Хранилище изображений в S3 и безопасно работает

Question

Я создаю сайт фотографии, где пользователи могут загружать фотографию и использовать ее позже. Эти фотографии не являются публичными и частными. Я храню фотографии и миниатюры в S3. В настоящее время реализация, за которой я следую, заключается в том, что когда пользователь приходит на страницу, я обслуживаю подписанные URL-адреса эскизов и загружается с S3 (хотя я также думаю об использовании подписанных URL-адресов из облачного интерфейса).

Вопросы сейчас:

• В каждом запросе другой URL подается для каждой миниатюры, поэтому кэш браузера не могут быть использованы. Это заставляет браузер загружать каждое изображение снова, когда пользователь обновляет сайт. Это делает нашу страницу медленной.
• Это также создает еще одну проблему: если кто-то всматривается в источник и все, он может узнать подписанный URL-адрес фотографий и распространять его другим для просмотра (хотя подписанный URL-адрес всего 10 минут). Мне бы хотелось, чтобы URL-адрес был передан моим приложением, чтобы я мог решить, разрешено ли пользователю или нет.
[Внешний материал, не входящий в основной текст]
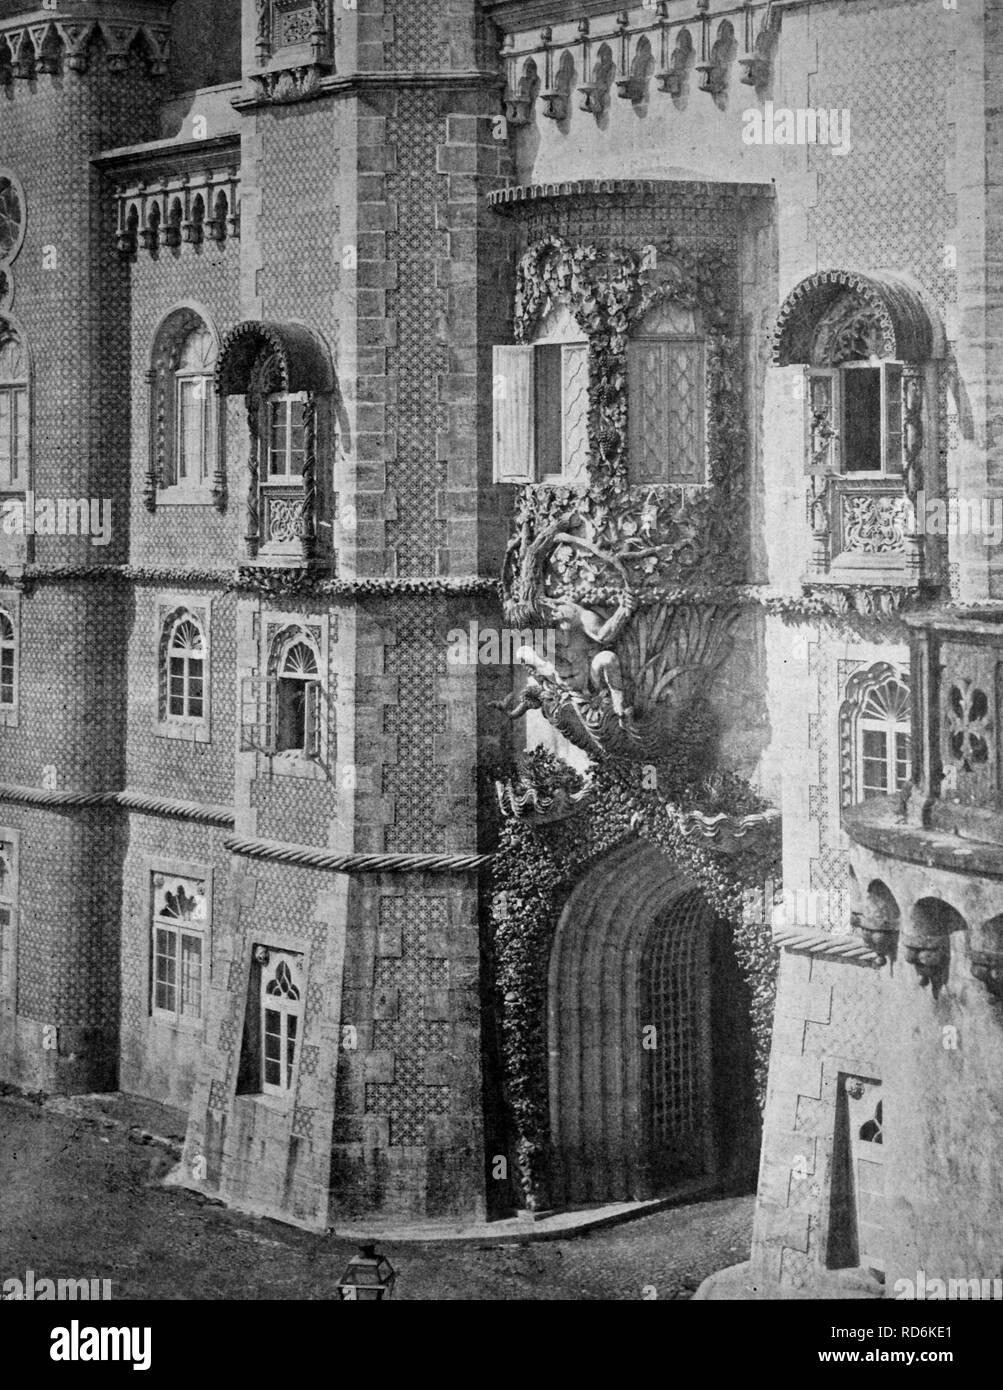 Au début de l'autotype Palais National de Pena, Sentra, UNESCO World Heritage Site, Portugal, tableau historique, 1884 Banque D'Images
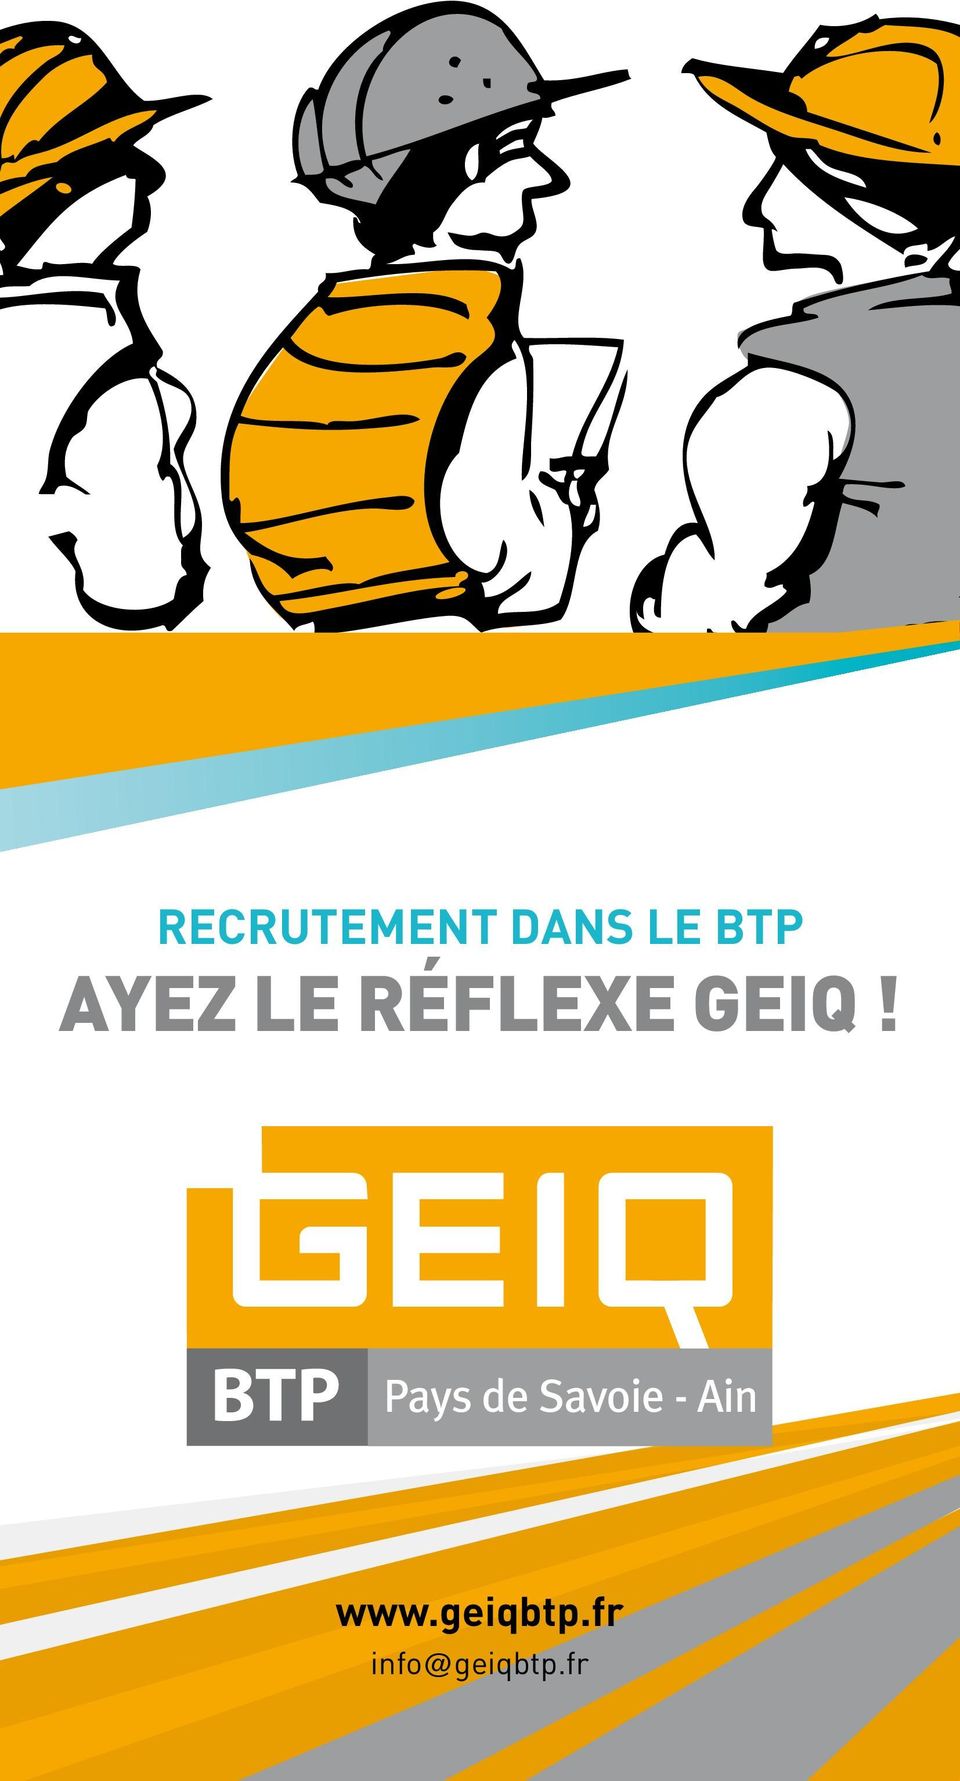 réflexe geiq! www.

Пожалуйста, помогите мне с каким подходом, который я должен предпринять, я хочу, чтобы время загрузки страницы было быстрым, а также обслуживало проблему безопасности. Я также хотел бы знать, что работа с облачным браузером будет быстрее, чем кеш браузера (я прочитал его где-нибудь) даже для разных подписанных URL-адресов каждый раз. Не стесняйтесь описать ваш ответ.

Answer 1

Я не думаю, что есть прекрасный ответ на то, что вы хотите. Некоторые случайные идеи/компромиссы:

1) переход на HTTPS. Таким образом, вы можете игнорировать людей, обнюхивающих URL-адреса. Но элементы HTTPS нельзя кэшировать в браузере очень долго.

2) Если вы выдаете подписанные URL-адреса, не устанавливайте expires = "time + 10m", но делайте «время + 20 м и округлите до ближайшего 10 м». Таким образом, URL-адреса будут постоянными не менее 10 м, и браузер может их кэшировать. (Не забудьте также установить срок действия: заголовки файлов в S3, чтобы браузер знал, что их можно кэшировать.)

3) Вы можете проксировать все URL-адреса. Попросите браузер запросить фотографию с вашего сервера, а затем напишите веб-прокси для проксирования запроса на фотографию в S3. По пути вы можете проверить auth пользователя, создать подписанный URL для S3 и даже кешировать фотографию локально.) Это кажется вам менее эффективным, но позволяет браузеру кэшировать ваши URL-адреса столько, сколько они хотят. Это также удобно для ваших пользователей, поскольку они могут добавлять закладки в URL-адрес, и он всегда работает. Даже если они переходят на другой компьютер, они попадают на ваш сервер, который может попросить их войти в систему, прежде чем показывать фотографию.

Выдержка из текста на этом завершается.